In October 2018, Pastor James MacDonald and Harvest Bible Chapel sued two former members (Ryan Mahoney and Scott Bryant) and their wives, as well as journalist Julie Roys, for defamation. Mahoney and Bryant ran a website called The Elephant's Debt that had been publicly critical of MacDonald and Harvest. In December 2018, World Magazine published an exposé by Roys on the church and pastor, outlining an alleged history of financial mismanagement and authoritarian and abusive leadership by MacDonald. The church disputed these claims. On January 7, 2019, following a court decision denying the church's request to keep subpoenaed documents secret, the church sought to drop the lawsuit, saying that it had no legal means of protecting innocent third parties. McDonald took an "indefinite sabbatical from all preaching and leadership" on January 16, 2019. On January 25, Chicago radio personality Mancow Muller, who described himself as a Harvest attender and a friend of MacDonald, publicly criticized McDonald's leadership, called for the elders of Harvest Bible Chapel to be removed, urged church members to stop making financial contributions until needed changes were made, and asserted that an outside group should be brought in to lead the church.
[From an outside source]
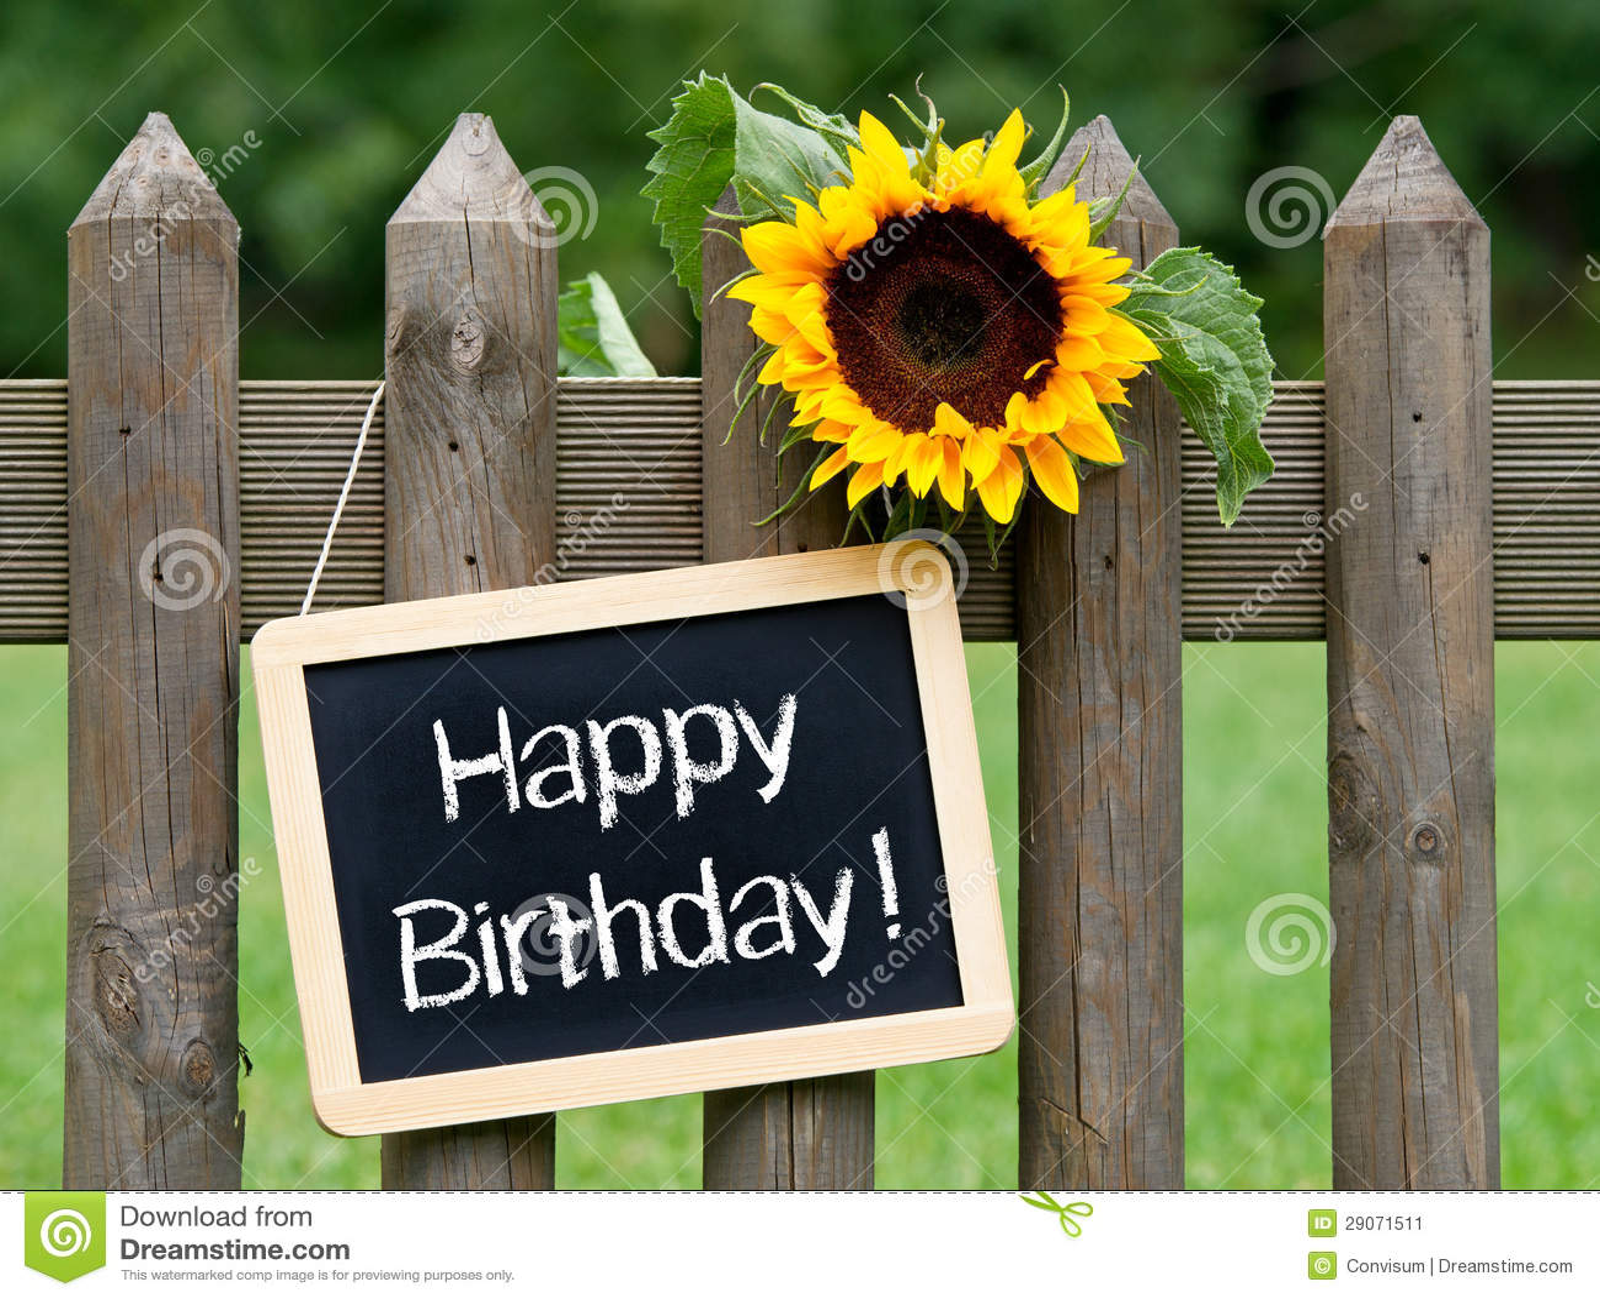 Happy Birthday Chalkboard Sign

On February 12, 2019, James MacDonald was fired from Harvest Bible Chapel after recordings were released of MacDonald making inappropriate comments. In the recordings, obtained by Mancow and aired on his February 12 show, MacDonald joked about orchestrating a plot to blackmail Harold Smith, the CEO of Christianity Today magazine, by planting illegal child pornography on Smith's computer. This move came after years of reports from former elders, pastors, and staffers accusing him and the church of financial mismanagement and other improprieties. On February 19, the church's executive committee resigned and announced other planned structural and financial changes to the church. Later that month, MacDonald's two sons resigned from positions at the church,
and in March its Assistant Senior Pastor also resigned after the Evangelical Council for Financial Accountability suspended its accreditation of the church. Further reporting by Julie Roys showed that MacDonald had used church funds to purchase a vintage 1971 VW Beetle (valued at $13,000) for Ed Stetzer (contributing editor at Christianity Today) and Harley-Davidson motorcycles for several other Harvest members.

On April 30, 2019, the outgoing elders of Harvest Bible Chapel issued an apology for filing the 2018 lawsuit. The apology asserted that even if the lawsuit may have been "lawful," it was "a sinful violation of 1 Corinthians 6", and therefore it "biblically should not have been pursued."